CONTINUING TRAINING PARTNERSHIPS
Commission staff have always maintained an active schedule of training sessions
for outside criminal and civil enforcement agencies. OIE staff have been regular
lecturers at the FBI training facility at Quantico, Virginia. For the past two
years, the Commission has sponsored yearly Internet Securities Fraud Training
Programs, which are attended, in person and via videoconference link, by more
than 600 representatives from a wide range of criminal and civil enforcement
agencies and self-regulatory organizations (SROs). These training efforts will
certainly continue, as will formal and informal liaison programs to insure that
all law enforcement remains up-to-date on the latest trends or development in
the securities-related Internet fraud arena.
ONGOING WORK WITH DOMESTIC CIVIL AGENCIES, SROS, AND FOREIGN SECURITIES
REGULATORS
In addition to its work with criminal authorities, the Commission intends to
continue its cooperation with civil enforcement agencies, such as the Federal
Trade Commission, and SROs, including the National Association of Securities
Dealers, Inc. and the New York Stock Exchange. The Commission is also active in
a number of interagency working groups designed to fight Internet fraud. n64
n64 The SEC participated with the FTC and several other civil and criminal law
enforcement agencies and cabinet departments, in the President's Working Group
on Unlawful Conduct on the Internet, a body that wrote a comprehensive report on
Internet fraud pursuant to executive order. In addition, the Commission is part
of the National Securities and Commodities Fraud Working Group. Its Internet
Securities Fraud subcommittee, co-chaired by the Commission and the FBI, is
designed to focus on issues relating to on-line fraud affecting the securities
markets. The SEC also is a member of the Telemarketing and Internet Fraud
Working Group, a joint effort by various state and federal law enforcement, tax,
and banking agencies to target unlawful financial, commercial, and securities
activity on the Internet. The Commission also works closely with the states and
the North American State Securities Administrators, Incorporated on an ongoing
basis to address fraudulent Internet activity.
The Commission also understands that cooperation cannot stop at our shores. The
Internet is inherently international and the SEC's Internet cases evidence a
growing incidence of overseas conduct. The Commission is undertaking initiatives
to help alleviate the problem of foreign-based Internet fraud, both by
establishing relationships with foreign regulators and systematically bringing
suspicious foreign-based conduct to their attention, and by participating in
training programs designed to help international regulators identify and target
securities frauds emanating from their countries. For example, the Commission's
Office of International Affairs offers a wide range of training and liaison
programs with foreign nations, including an annual Fall International Securities
Institute with delegates attending from more than fifty countries.
CONCLUSION
"Too bad she won't live, but then again who does?
"
The Commission is dedicated to ensuring that the Internet remains a valuable and
safe medium for investors.
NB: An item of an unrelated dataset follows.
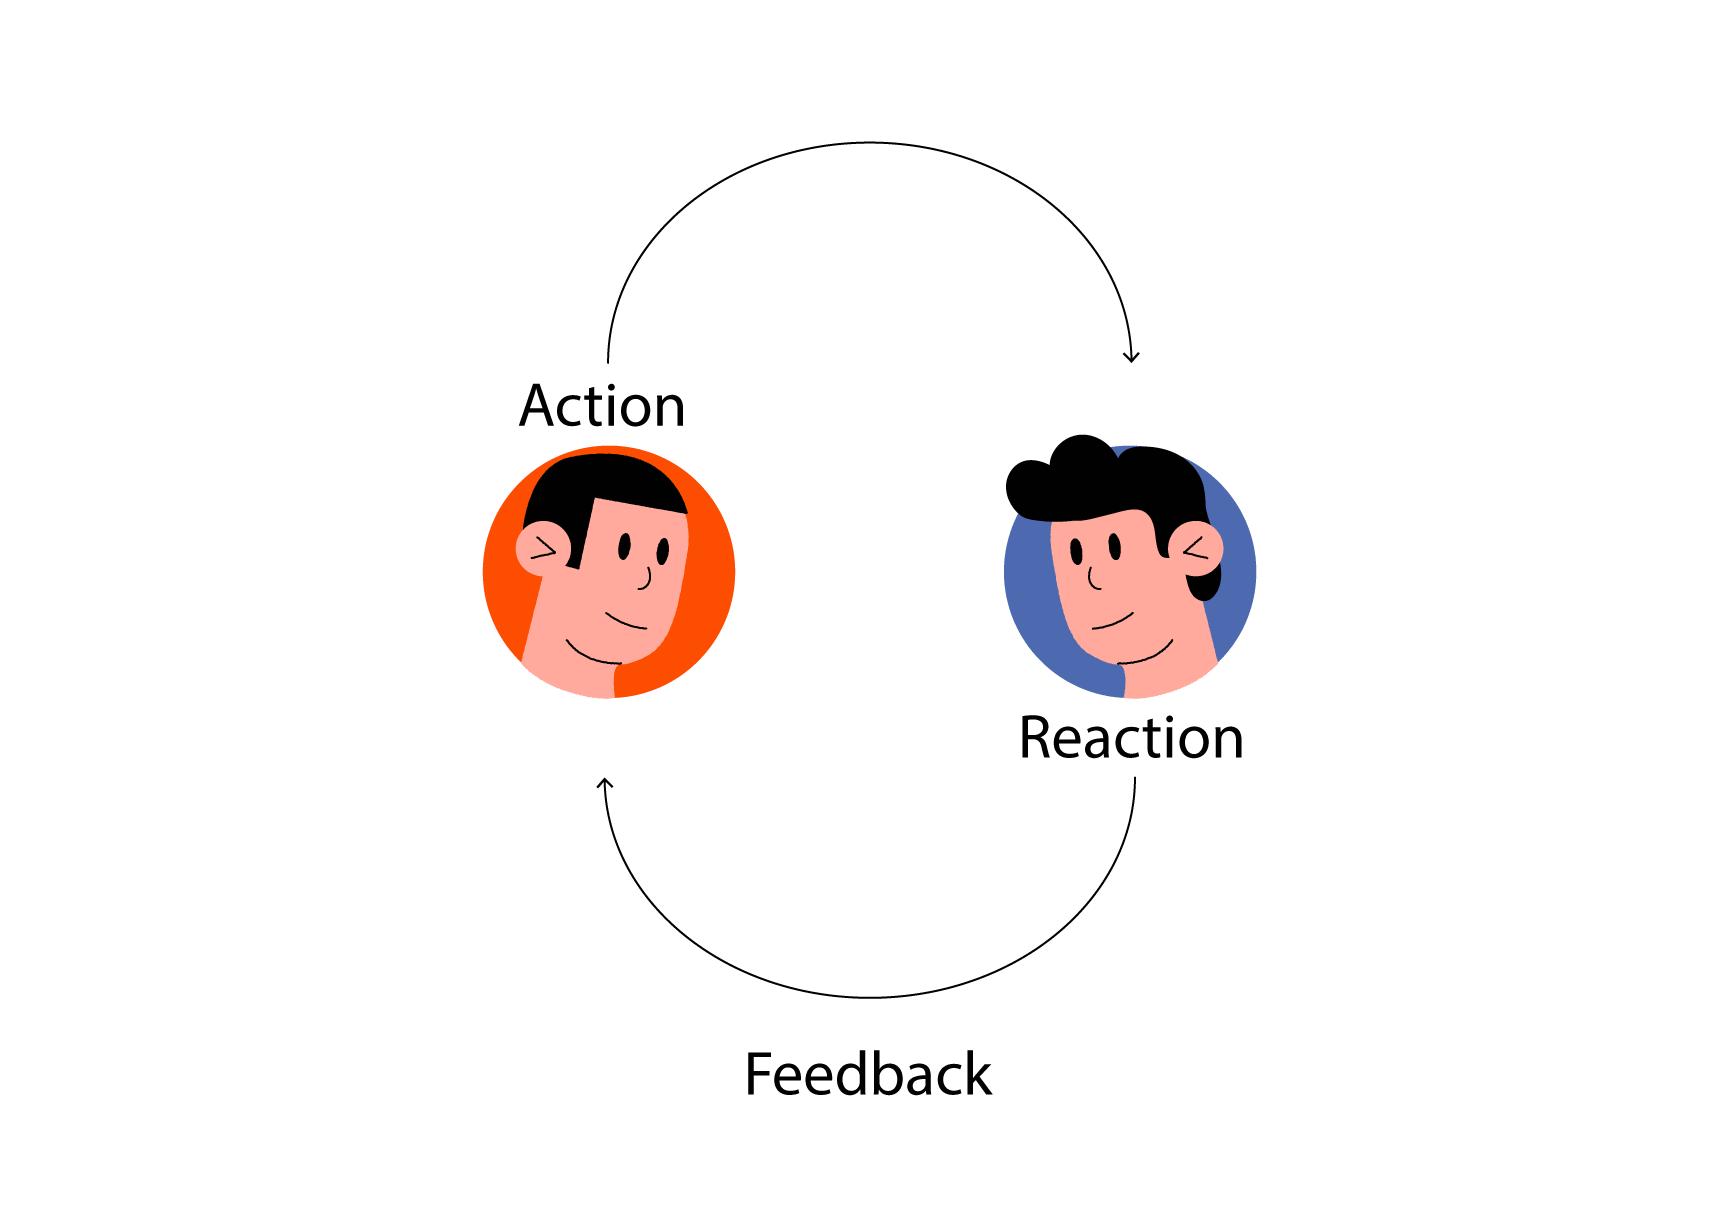 The Feedback Loop scheme

The Commission has now brought more than 275
Internet-related securities fraud actions, charging close to 930 individuals and
entities and there is no sign of a slowdown.
Of course, some of the same questions of four years ago still linger: Do we need
to rewrite the securities laws in light of the Internet's onslaught? Can the
SEC's Internet program reconcile its mission to root out fraud with the
cherished freedom endemic to an evolving and revolutionary medium like the
Internet? Only now, based on the Commission's track record in combating Internet
fraud, there may indeed be some answers to these critical questions.
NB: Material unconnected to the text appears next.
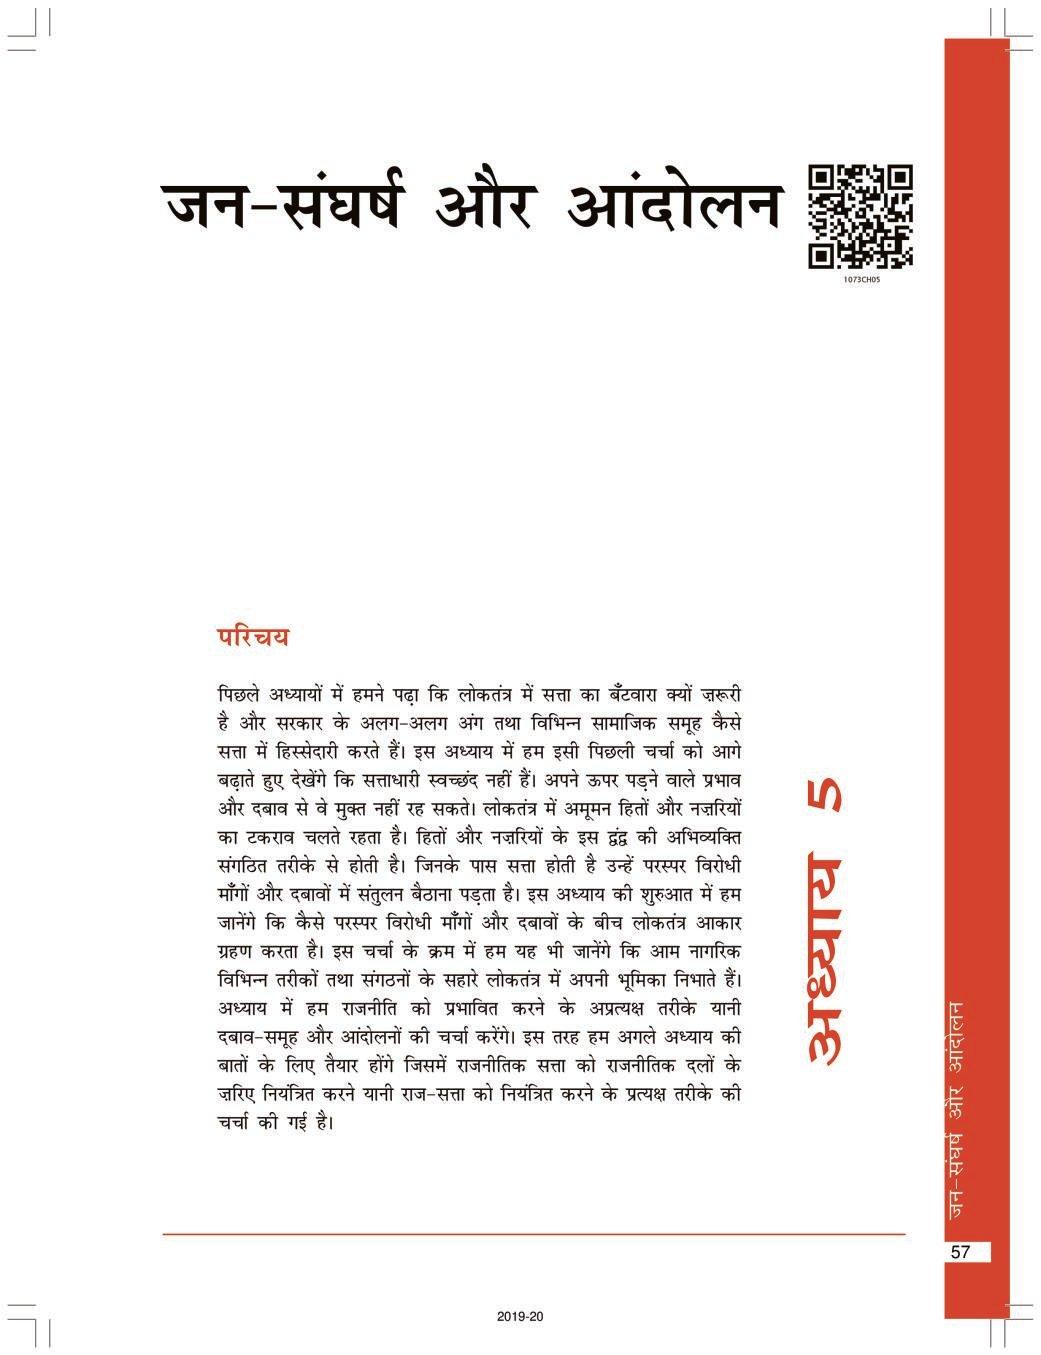 NCERT Book Class 10 Social Science (नागरिकशास्त्र) Chapter 5 जन-संघर्ष और आंदोलन - Page 1

First, it remains as true today as it was four years ago, that the SEC's
anti-fraud provisions serve the public quite well whether the violation occur in
a boiler room or a chatroom. n65 After more than 275 enforcement actions
charging more than 920 persons and entities, no SEC defendant or respondent has
ever prevailed by arguing that the anti-fraud provisions of the securities laws
(or any other provision of the securities laws) do not apply to conduct in
cyberspace. n66
n65 The same holds true for the investigation and civil prosecution of
securities violations committed over the Internet; the laws need not change,
only their application will need to evolve. The Division's traditional
firearms, embodied in the current Securities Act and Exchange Act, will likely
provide adequate legal bases for prosecuting Internet securities fraud. For
instance, the antifraud provisions of the section 10(b) of the Exchange Act
and Rule 10b-5 thereunder obviously would apply to any fraudulent
communication over the Internet, just as they apply to any information
communicated on paper, or over the radio or television.
Cella &
Stark, supra note 2, at 835. Of course, improving the securities
laws is always a goal of any Commission, and to the extent that any change in
the securities laws will benefit investors and other market participants such
changes will also likely result in similar benefits for the Internet program.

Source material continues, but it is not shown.